Company fined $59,000 for sham contracting

by HCA13 Jun 2017

The former operators of a Perth accommodation facility have been penalised $58,740 in the Federal Court after a sham contract case that was the subject of a successful High Court appeal by the Fair Work Ombudsman.

It was alleged that Quest South Perth Holdings violated the sham arrangement provisions of workplace laws in 2009 when it attempted to convert three employees – two housekeepers and a receptionist – into independent contractors.

Quest dismissed the workers and immediately re-hired the two housekeepers as independent contractors to perform the same duties.

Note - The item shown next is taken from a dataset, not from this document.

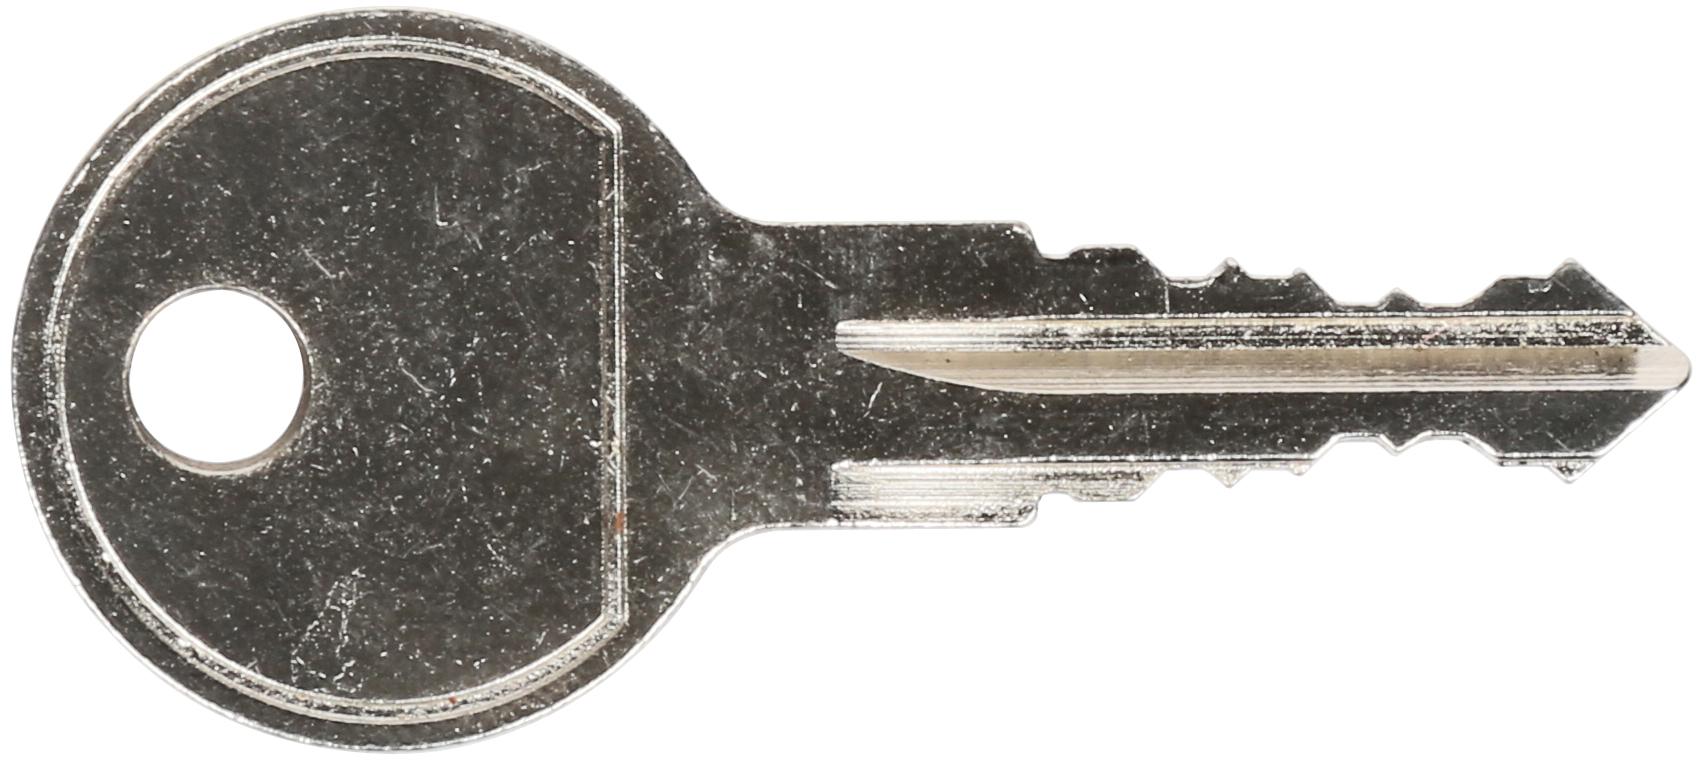 Spare Roof Box Key 006

The receptionist was not re-hired after Quest dismissed her.

The FWO alleged the contracting arrangement was a sham and the correct relationship for the three workers was as employees.

After part of the FWO’s case was dismissed by the Federal Court and the Full Court of the Federal Court, the FWO lodged its first ever High Court appeal.

The High Court unanimously upheld the appeal in late 2015, ruling that Quest South Perth Holdings’ conduct broke the sham contracting laws.

The matter was referred back to the Federal Court, where penalties have now been imposed against the company by Justice John Gilmour.

Justice Gilmour found that the contraventions were the result of “Quest's strategy and desire to engage the employees as independent contractors so their rights and entitlements would not be protected by industrial relations legislation”.

Justice Gilmour said the FWO submits correctly that the impact of sham contracting contraventions is that workers believe that they are deprived from the wide ranging entitlements afforded to employees.

These include minimum rates of pay, annual leave, personal leave, long service leave, parental leave, superannuation, workers compensation, notice upon termination of employment and eligibility to access other protections such as unfair dismissal applications, general protections applications or an application for an order to stop bullying.

Justice Gilmour said Quest’s contraventions involved “deliberate and conscious acts designed to circumvent industrial relations legislation and the protections they provide” and found that the impact on the three workers was significant.

After the purported conversion to independent contractors, the receptionist was offered no further shifts, while the two housekeepers were paid a flat rate that did not make provision for entitlements such as weekend and public holiday penalty rates or overtime.

He found that the conversion of the receptionist “was implemented with the specific intent to allow Quest to terminate her employment without risk of unfair dismissal and to remove her other entitlements”.

Justice Gilmour found there was a need to impose penalties that helped to maintain a level playing field for employers with respect to wage costs and deterred others from similar conduct.

“The sham arrangement provisions are, I accept, important provisions that protect employees from unscrupulous employers,” Justice Gilmour said.

Fair Work Ombudsman Natalie James said the outcome sends a clear message that her Agency will not tolerate attempts to use corporate trickery to try to disguise employment relationships as contracting situations.

“The significant resources we have committed to pursuing this matter for several years reflect the seriousness with which we treat sham contracting behaviour,” said James.

“These proceedings send a message to unscrupulous employers about the consequences of sham contracting behaviour.

“The High Court ruling we secured in this matter was also important because it creates greater legal protection for employees in situations where employers attempt to avoid responsibility for providing employees’ lawful minimum wages and entitlements by claiming employees are independent contractors.”